ATI RN
ATI Mental Health Proctored Exam Questions
Extract:
Question 1 of 5
A nurse is caring for a client who reports that he is angry with his partner because she thinks he is just trying to gain attention. When the nurse attempts to talk to the client, he becomes angry and tells her to leave. Which of the following defense mechanisms is the client demonstrating?
Correct Answer: C
Rationale: The client is demonstrating the defense mechanism of Compensation. Compensation involves covering up weaknesses by emphasizing strengths in other areas. In this scenario, the client is compensating for feeling inadequate or unappreciated by becoming angry and defensive when his actions are questioned. This behavior serves to divert attention away from his perceived shortcomings and protect his self-esteem.
Rationalization (
A) involves creating logical explanations to justify behaviors or feelings. Denial (
B) is refusing to acknowledge unpleasant realities. Displacement (
D) is redirecting emotions from the real target to a substitute target. In this case, these defense mechanisms are not as applicable as Compensation, which directly relates to the client's behavior of overcompensating for his perceived lack of attention.
Question 2 of 5
A nursing is advising an assistive personnel (AP) on the care of a client who has major depressive disorder. The AP states that he is irritated by the client’s depression. Which of the following statements by the nurse is appropriate?
Correct Answer: D
Rationale:
Correct
Answer: D
Rationale: Changing the AP's assignment is appropriate because it addresses the issue of the AP's irritation towards the client's depression. It ensures the client's care is not compromised and maintains a supportive environment. This action also prevents negative attitudes from affecting the client's well-being.
Summary of other choices:
A: Incorrect. Minimizing the client's feelings is inappropriate and may invalidate their experiences.

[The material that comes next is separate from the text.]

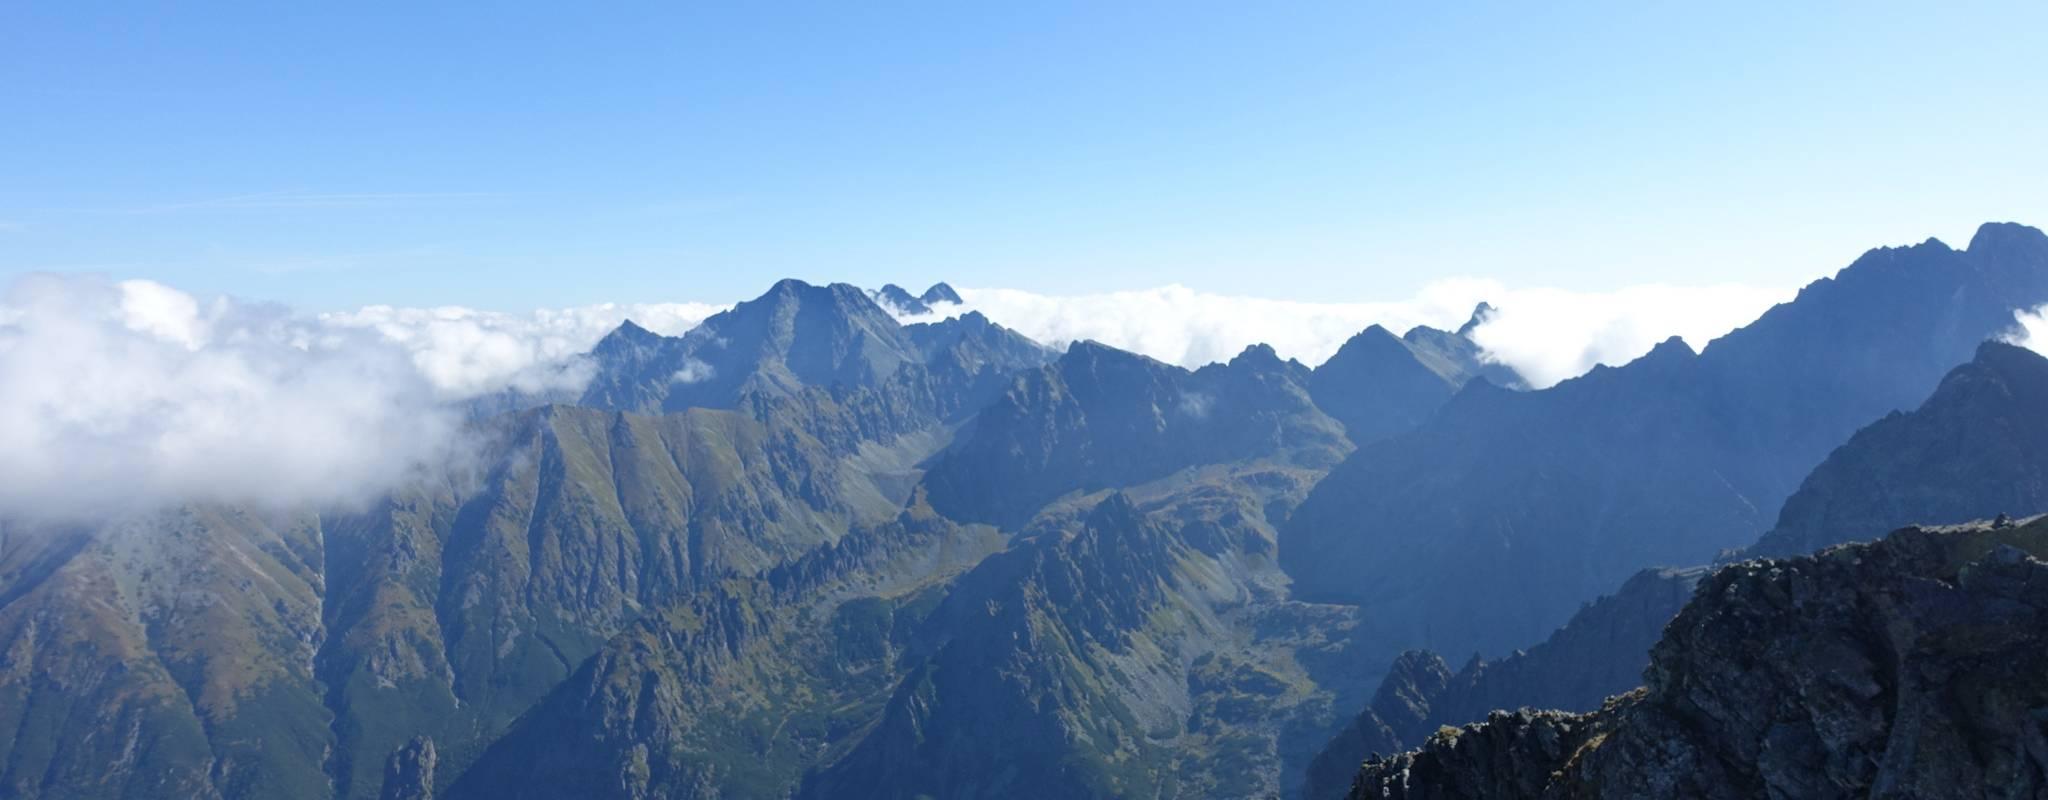 Panorama vom Rysy nach Osten. Foto: Martin Heppner

B: Incorrect. While it is important for the client to verbalize feelings, the focus here is on addressing the AP's behavior.
C: Incorrect. Dismissing the AP's feelings and normalizing negative attitudes are not appropriate responses.

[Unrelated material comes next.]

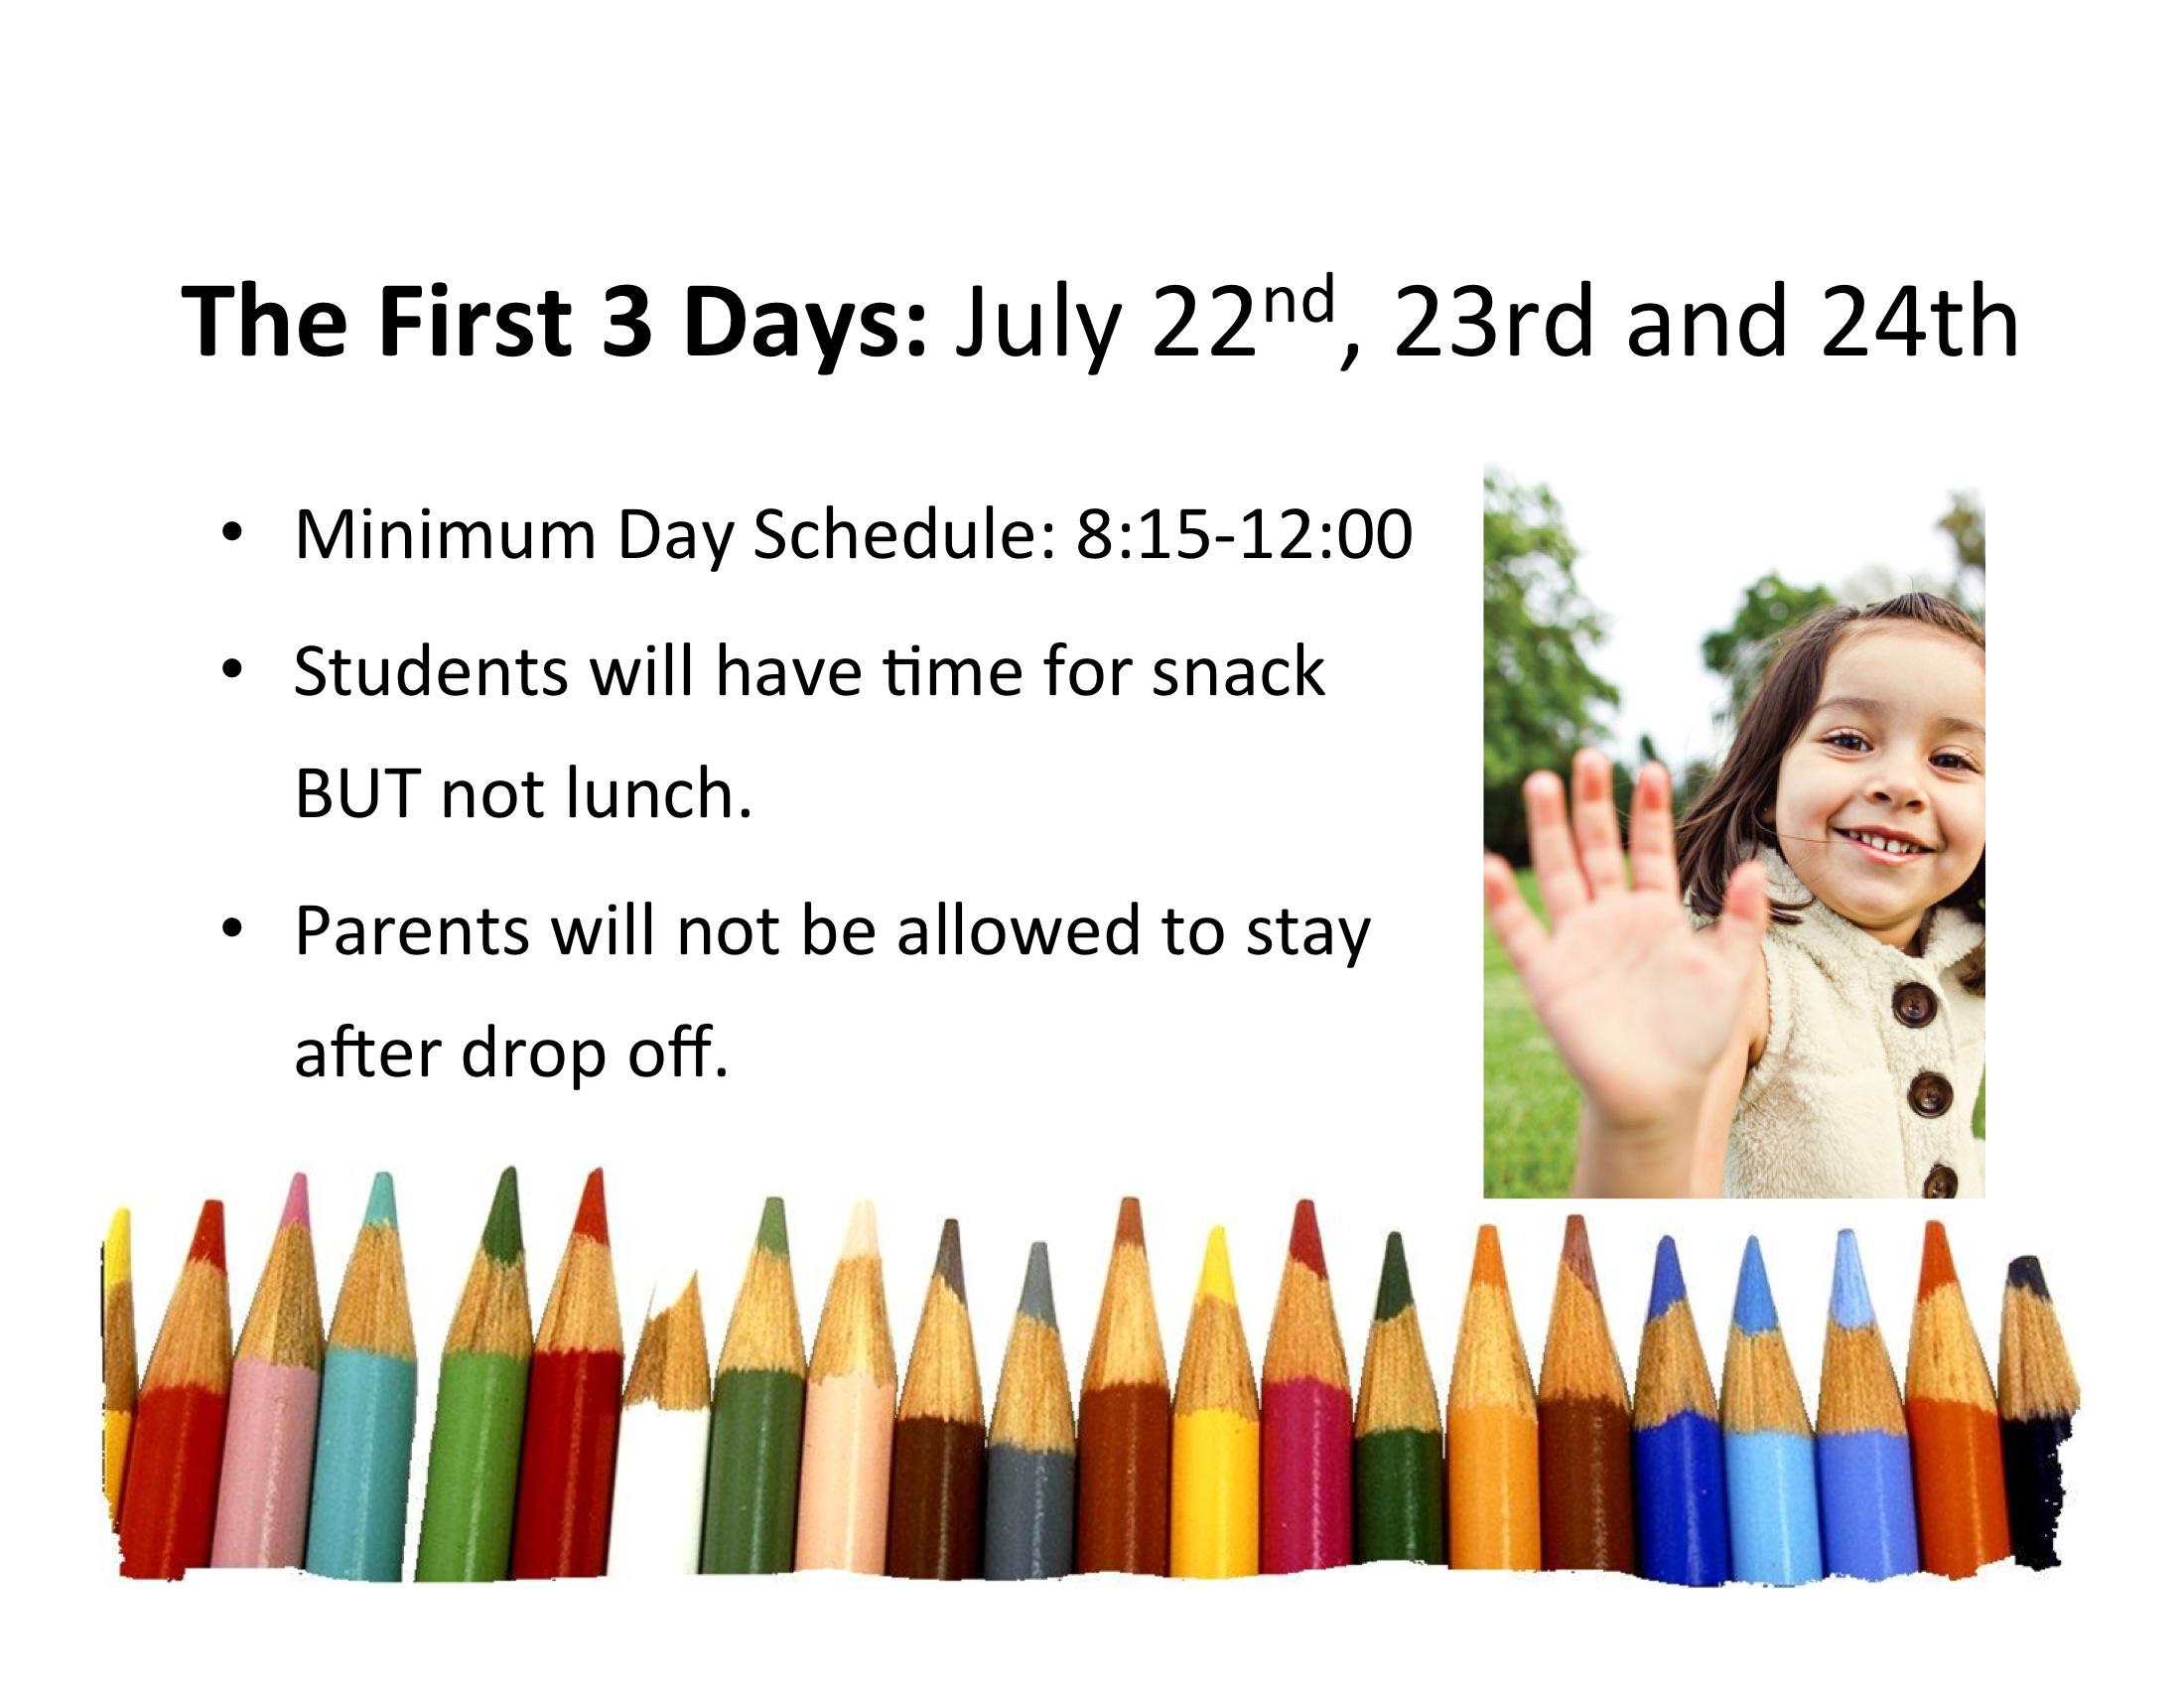 Kinder Orientation May 13 | Camarena Elementary School

E, F, G: Not provided, but based on the context, they are likely to be irrelevant or inappropriate responses.
Question 3 of 5
A nurse is assessing a child in the emergency department. Which of the following findings places the child at the greatest risk for physical abuse?
Correct Answer: A
Rationale: The correct answer is A: The child is 10 years old. Children between 8-12 years old are at higher risk for physical abuse due to increased independence and potential conflicts with caregivers. Being 10 years old puts the child at a critical age for abuse.

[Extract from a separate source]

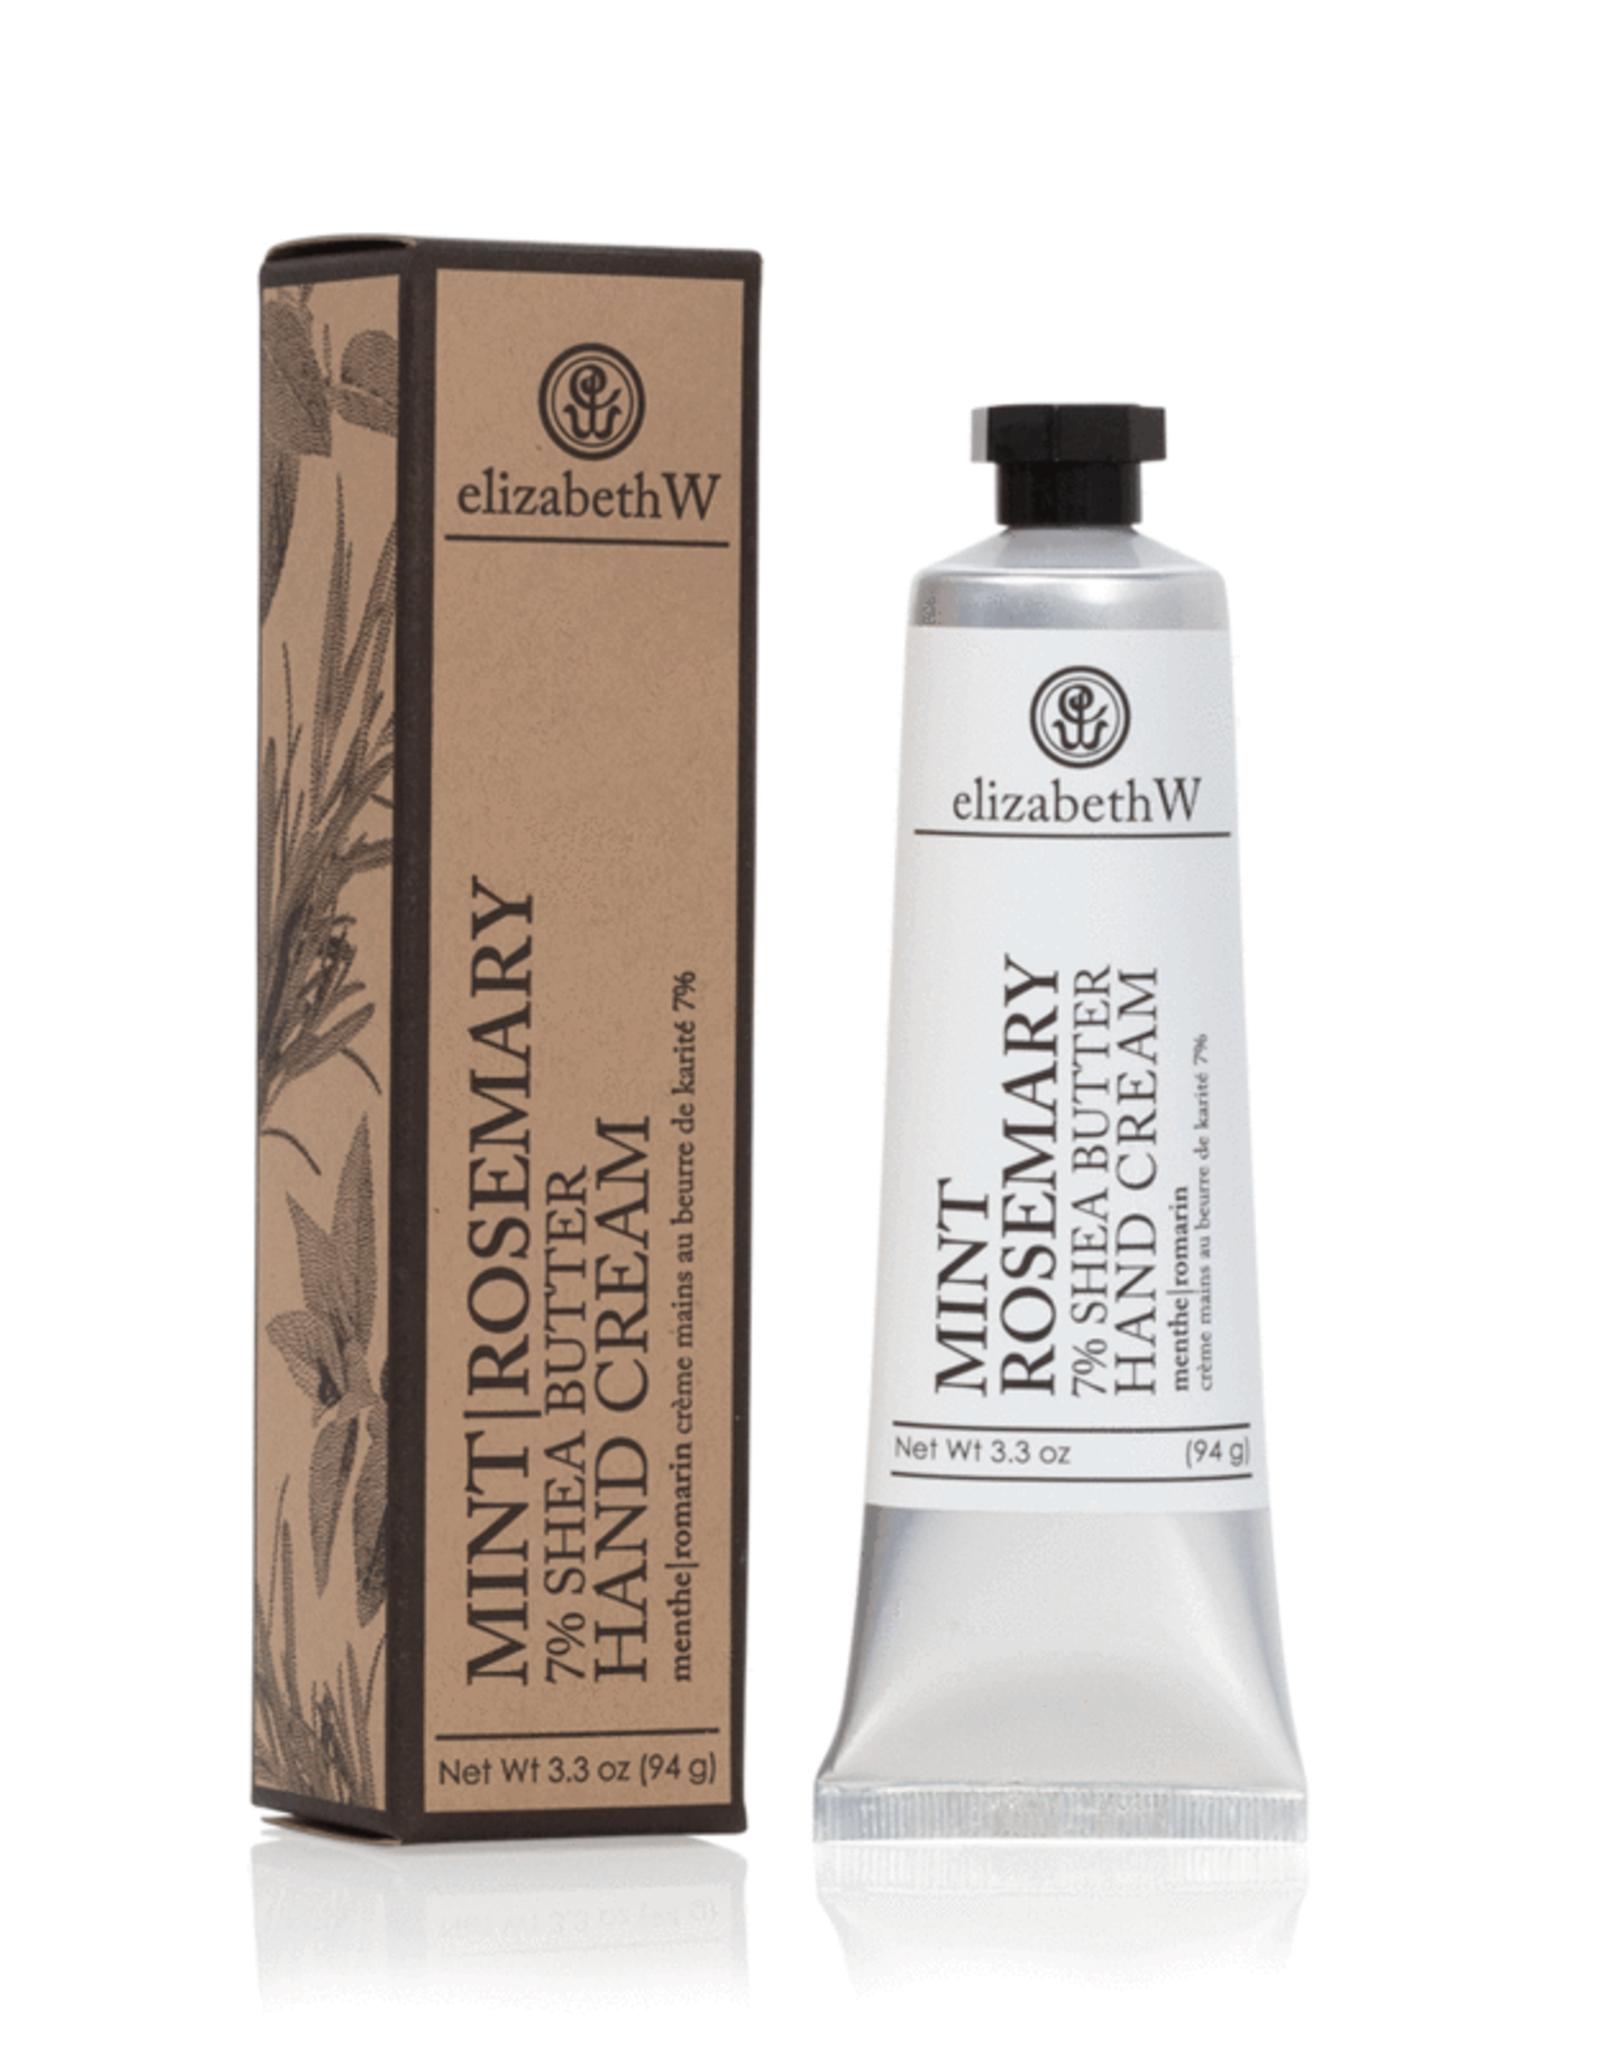 Elizabeth W Mint Rosemary Hand Cream

Choice B (home-schooled) does not directly correlate with an increased risk of abuse.
Choice C (no siblings) does not indicate abuse risk.
Choice D (cystic fibrosis) is a medical condition and does not specifically increase the risk of physical abuse.
Question 4 of 5
A nurse is providing behavioral therapy for a client who has obsessive-compulsive disorder. The client repeatedly checks that the doors are locked at night. Which of the following instructions should the nurse give the client when using thought stopping technique?
Correct Answer: B
Rationale: The correct answer is B: Snap a rubber band on your wrist when you think about checking the locks. This is an effective use of thought stopping technique as it creates a physical distraction and discomfort when the client has obsessive thoughts. It helps interrupt the pattern of behavior and redirects the client's focus away from the compulsion. Keeping a journal (
A) may increase anxiety and reinforce the behavior. Asking a family member to check the lock (
C) doesn't address the client's need to manage their own thoughts and behaviors. Focusing on abdominal breathing (
D) may be a relaxation technique but doesn't directly address the obsessive thoughts.
Question 5 of 5
A nurse is assessing a client who is experiencing alcohol withdrawal. For which of the following findings should the nurse anticipate administration of lorazepam?
Correct Answer: D
Rationale: The correct answer is D: Hypertension. Lorazepam is a benzodiazepine commonly used to manage alcohol withdrawal symptoms, including hypertension. Alcohol withdrawal often leads to increased sympathetic nervous system activity, causing elevated blood pressure. Lorazepam helps to reduce this symptom by promoting relaxation and reducing anxiety. Bradycardia (
A), stupor (
B), and afebrile (
C) are not indications for lorazepam administration in alcohol withdrawal. Bradycardia and stupor may require further evaluation for potential complications, while afebrile state does not directly warrant lorazepam use.